> **Raw data**
== Segment start ==

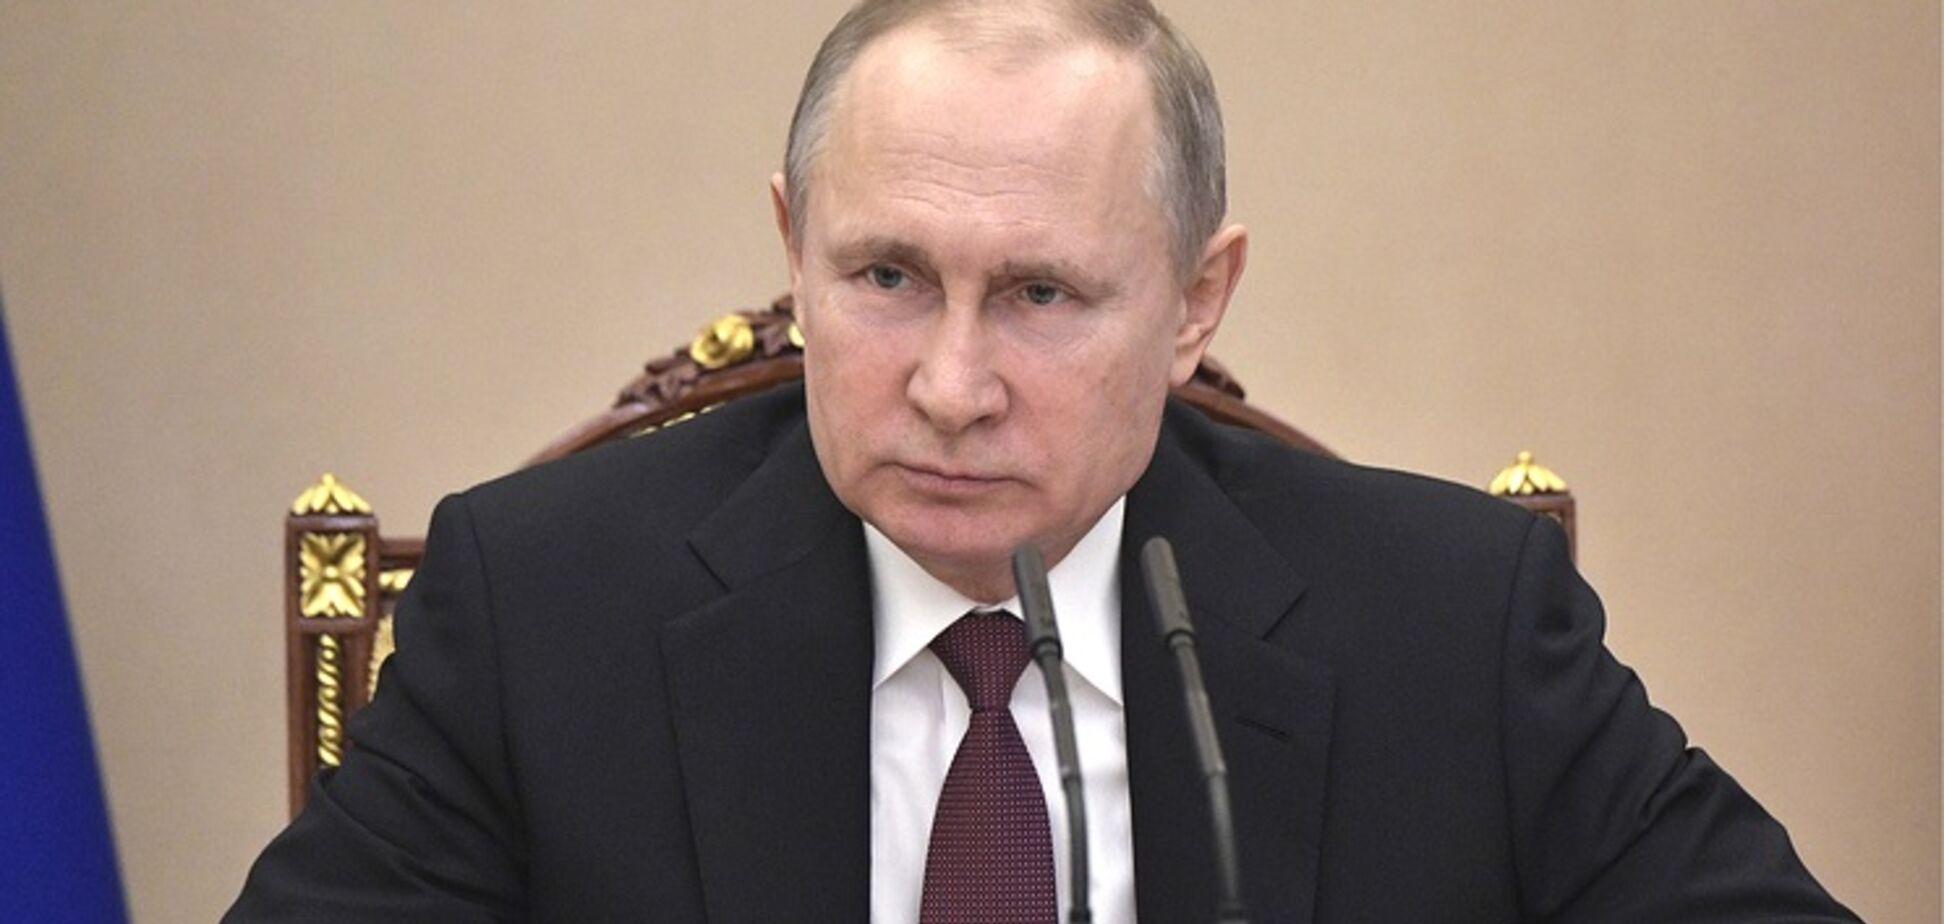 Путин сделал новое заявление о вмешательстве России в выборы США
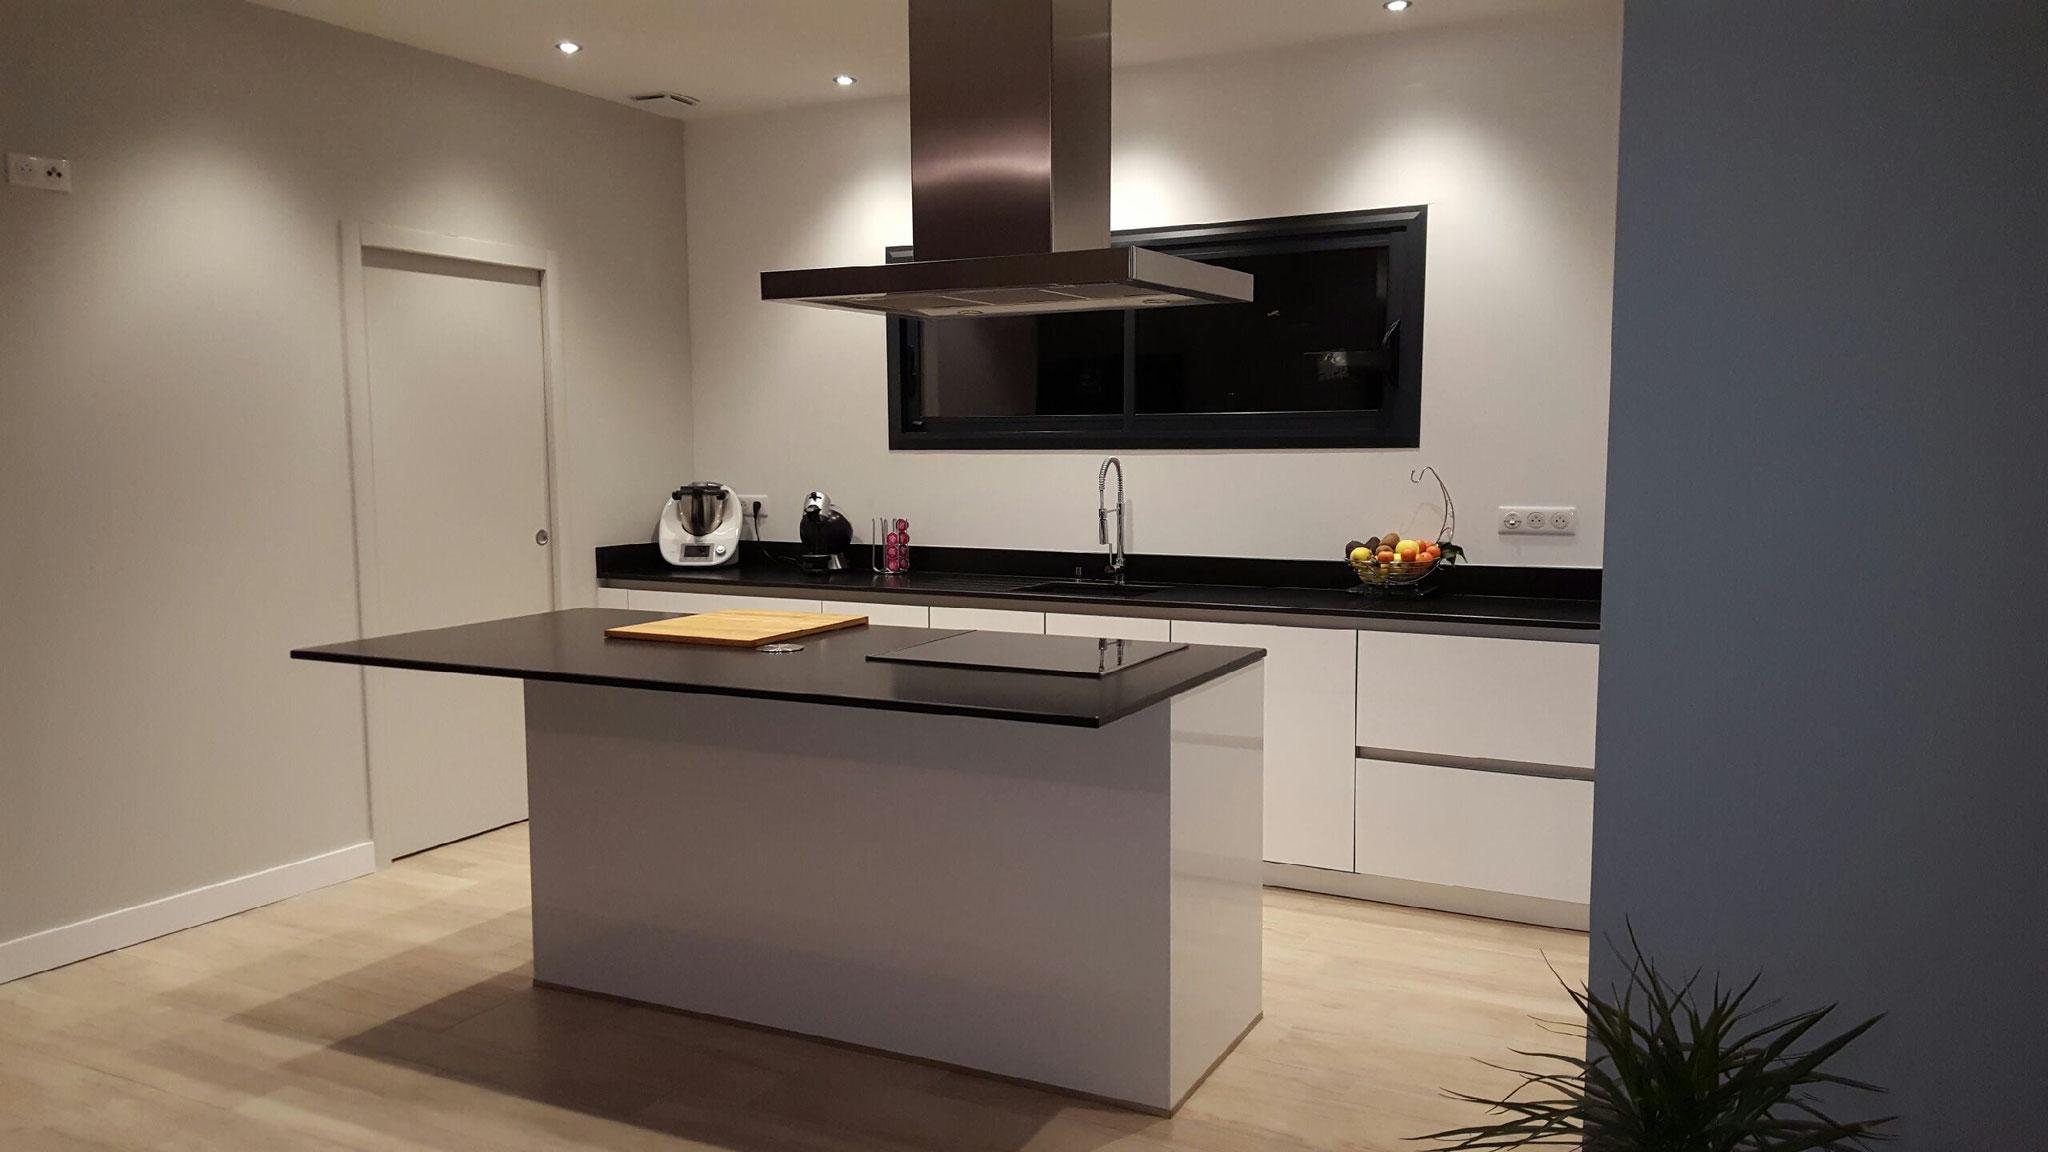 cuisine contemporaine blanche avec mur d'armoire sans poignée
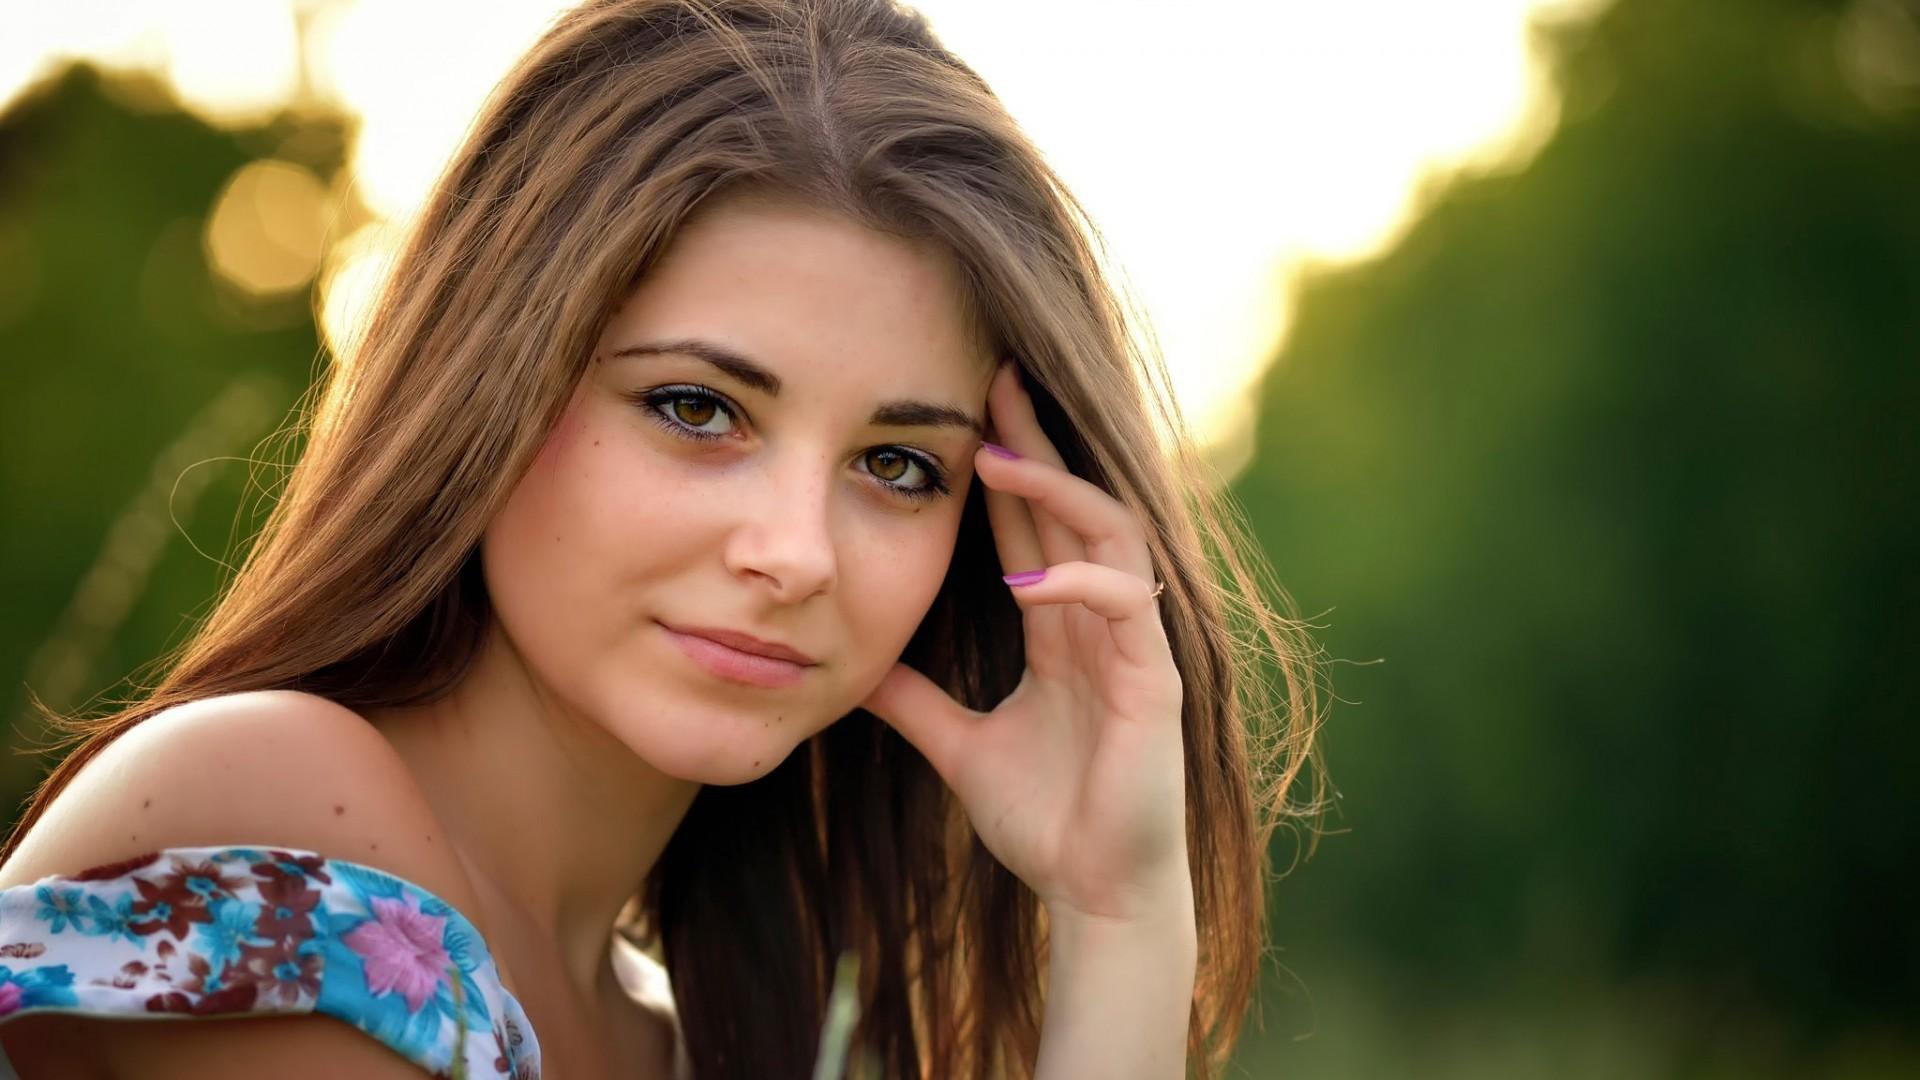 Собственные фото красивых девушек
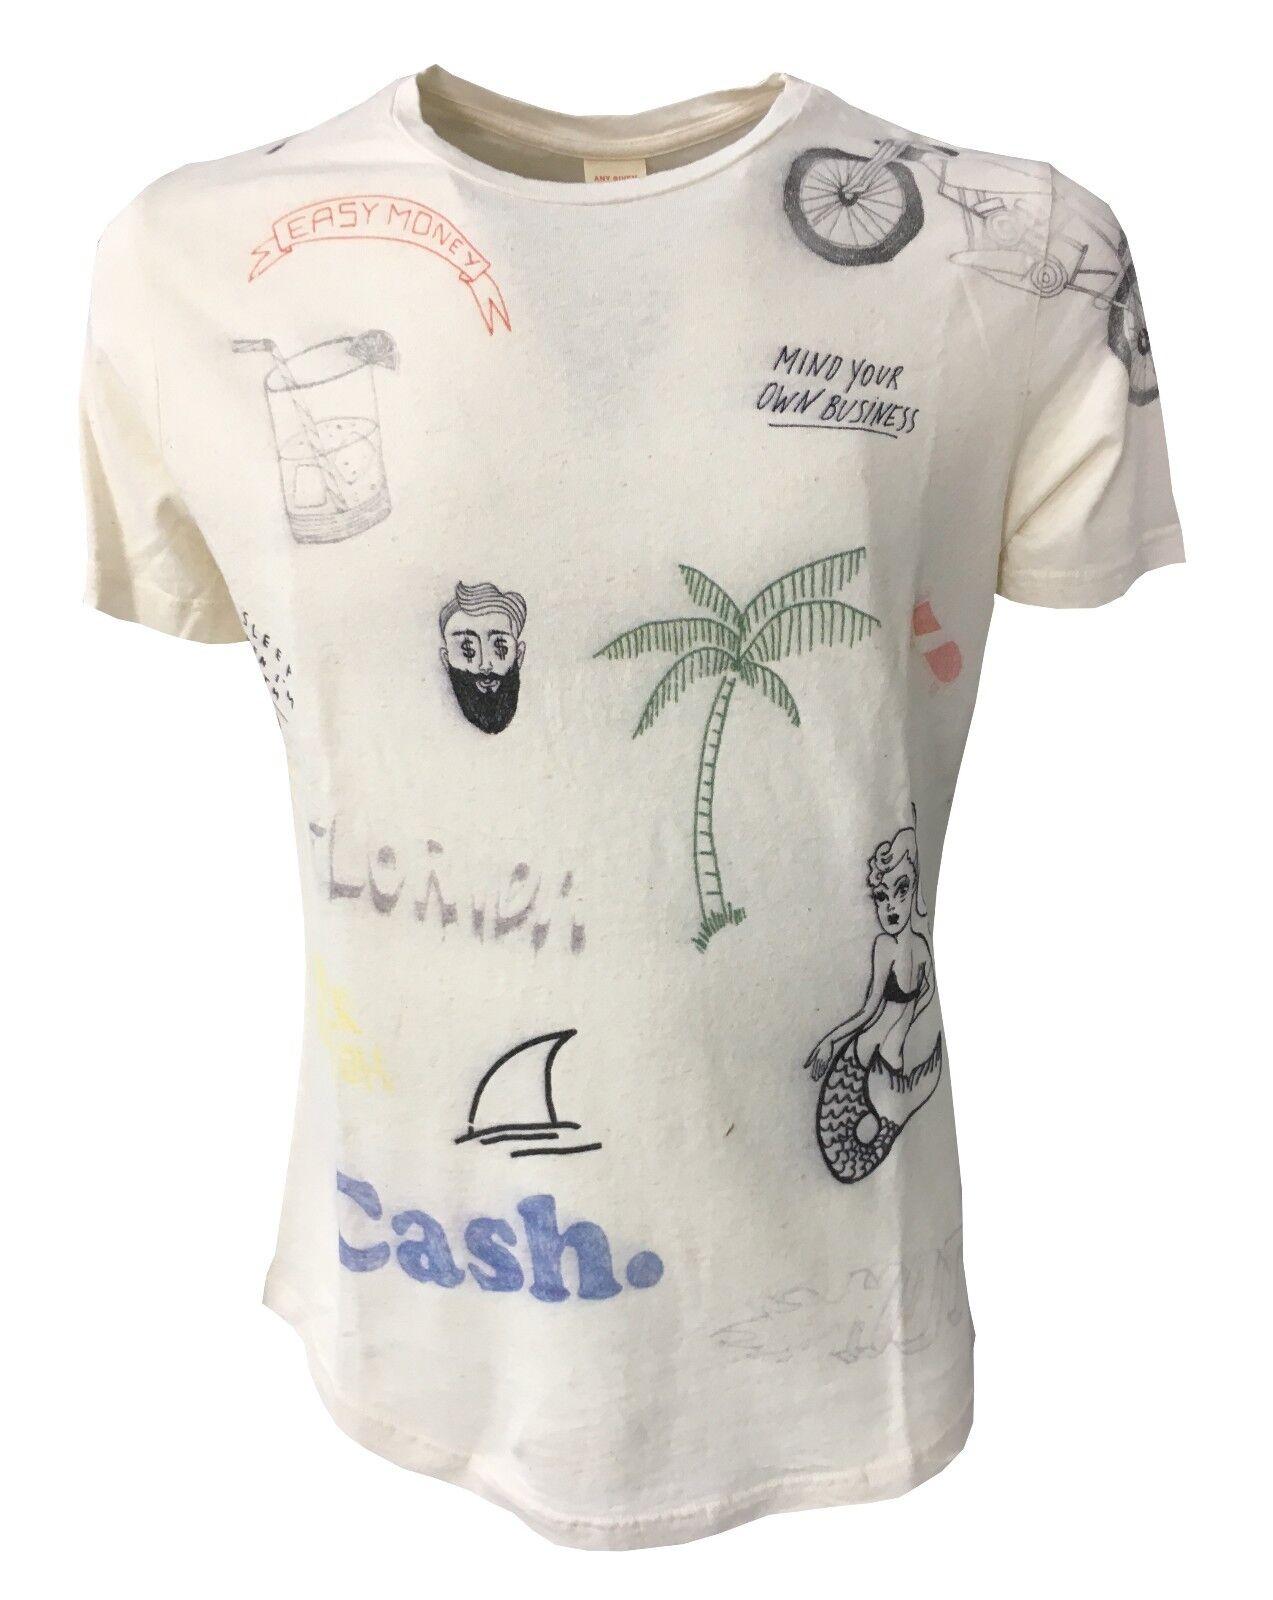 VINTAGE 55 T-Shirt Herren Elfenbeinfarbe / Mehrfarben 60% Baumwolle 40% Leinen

== Segment end ==

> **Your goal**
Return the material above exactly; the images stay out.

> **The answer**
 Путин сделал новое заявление о вмешательстве России в выборы США
 cuisine contemporaine blanche avec mur d'armoire sans poignée
 Собственные фото красивых девушек
 VINTAGE 55 T-Shirt Herren Elfenbeinfarbe / Mehrfarben 60% Baumwolle 40% Leinen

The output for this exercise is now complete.